Higbee’s voice wavered as he spoke, the fear making it crack and warble. “To all citizens of Golgotha, effective immediately, I, Harry Pratt, mayor, do hereby proclaim Ray Zeal the new sheriff of Golgotha and do duly deputize his men as peace officers for the Town of Golgotha.

“Several new laws, regulations and town ordinances are listed below and will be posted at town hall and in other public places. They take effect immediately, including the imposition of town-wide curfew, and a warrant for the arrest of Malachi Bick and Jon Highfather, as well as anyone aiding or abetting these criminals. This is done by my hand this twenty-third day of November, 1870, Harrison Pratt, mayor of Golgotha.”

A rumble of dissent and confusion spread through the crowd.

“What the hell?” an angry voice called out.

“Nobody said nothing about gittin’ rid of Jon! This is a load of horse apples!”

“Curfew? Who the fuck said anything about a damned curfew!”

The angry voices were joined by many of the troublemakers who had welcomed Zeal to town like Caesar returning to Rome.

“Hell yeah!” a drunken voice snarled, “’Bout time that crowbait Highfather got what was coming to him! Let’s string him up again! This time we’ll do it right!”

“We’re with ya, Ray!” another voice shouted.

“Shut the fuck up, you damn lick-fingers!” another voice called. “Have a little respect for the sheriff!”

Zeal plucked the parchment away from Higbee and handed it back to a Praetorian. “Find Pratt, check his house again. He couldn’t have just crawled into a hole and hid. But first, nail this to the door.”
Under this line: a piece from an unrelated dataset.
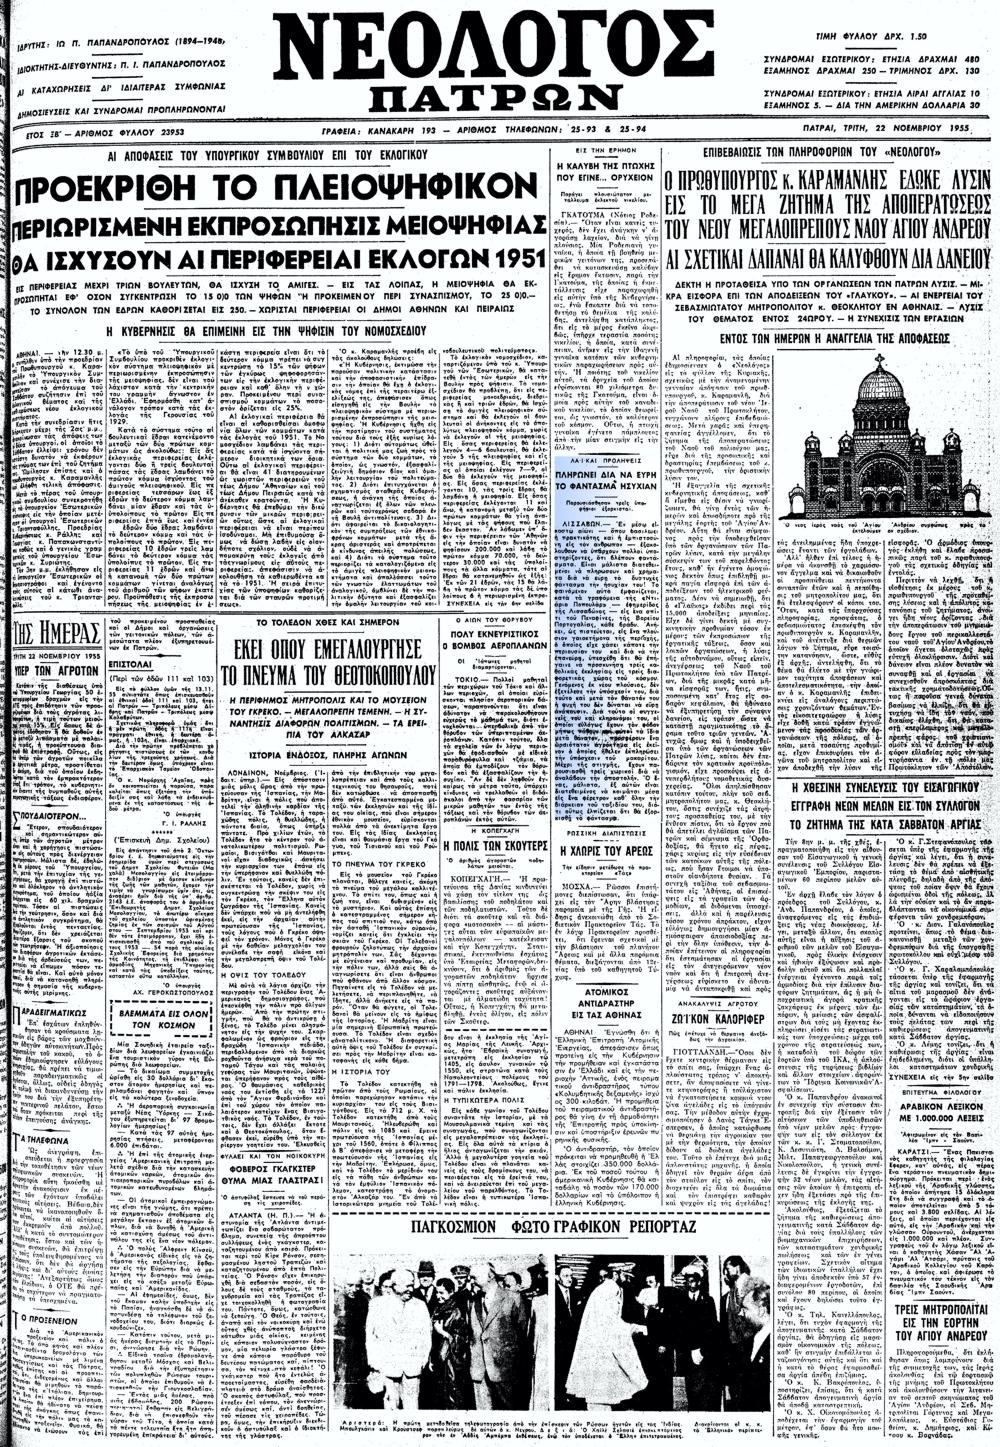 """Το άρθρο, όπως δημοσιεύθηκε στην εφημερίδα """"ΝΕΟΛΟΓΟΣ ΠΑΤΡΩΝ"""", στις 22/11/1955"""

As one of Cook’s mercenaries hammered the proclamation onto the door of town hall, Zeal called out to the crowd. “Tomorrow is Thanksgiving, good people, and as your new sheriff, I promise you the best celebration you’ve ever had!”
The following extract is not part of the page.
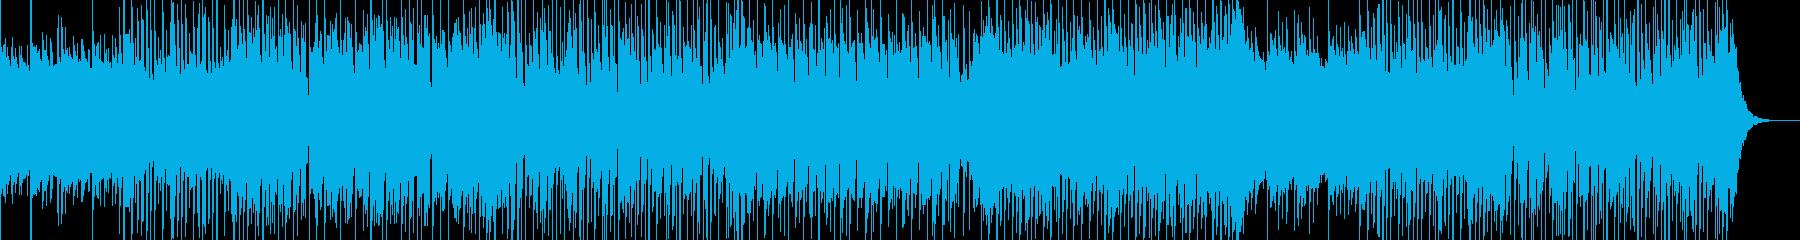 切なく耳に残るリフが印象的なBGMの再生済みの波形

A cheer came up from the crowd, not as boisterous or as heartfelt as before the reading of the proclamation, but still given voice by a large number of those gathered. Many of those who had protested the proclamation had either fled to their homes or had been beaten or bullied into silence now.

“You ain’t sheriff of nothing, Zeal,” a voice called out from the center of Main Street, behind the crowd and Zeal’s party.

Jon Highfather and Malachi Bick strode down the center of the street, toward the assembly. “Mayor Pratt didn’t write that,” Highfather said, “and it has no more legitimacy than that smile of yours. You are disturbing the peace and you and your men are to disperse right now and head for the town limits, or I’m going to have to arrest the lot of you.”

A rumble of nervous laughter ran through the crowd. Highfather stood his ground. One of the Teeth of Cain stepped forward, a man in his late twenties dressed like a range rider. He had a battered Stetson and a heavy pistol hanging at his hip, slung in gunfighter fashion.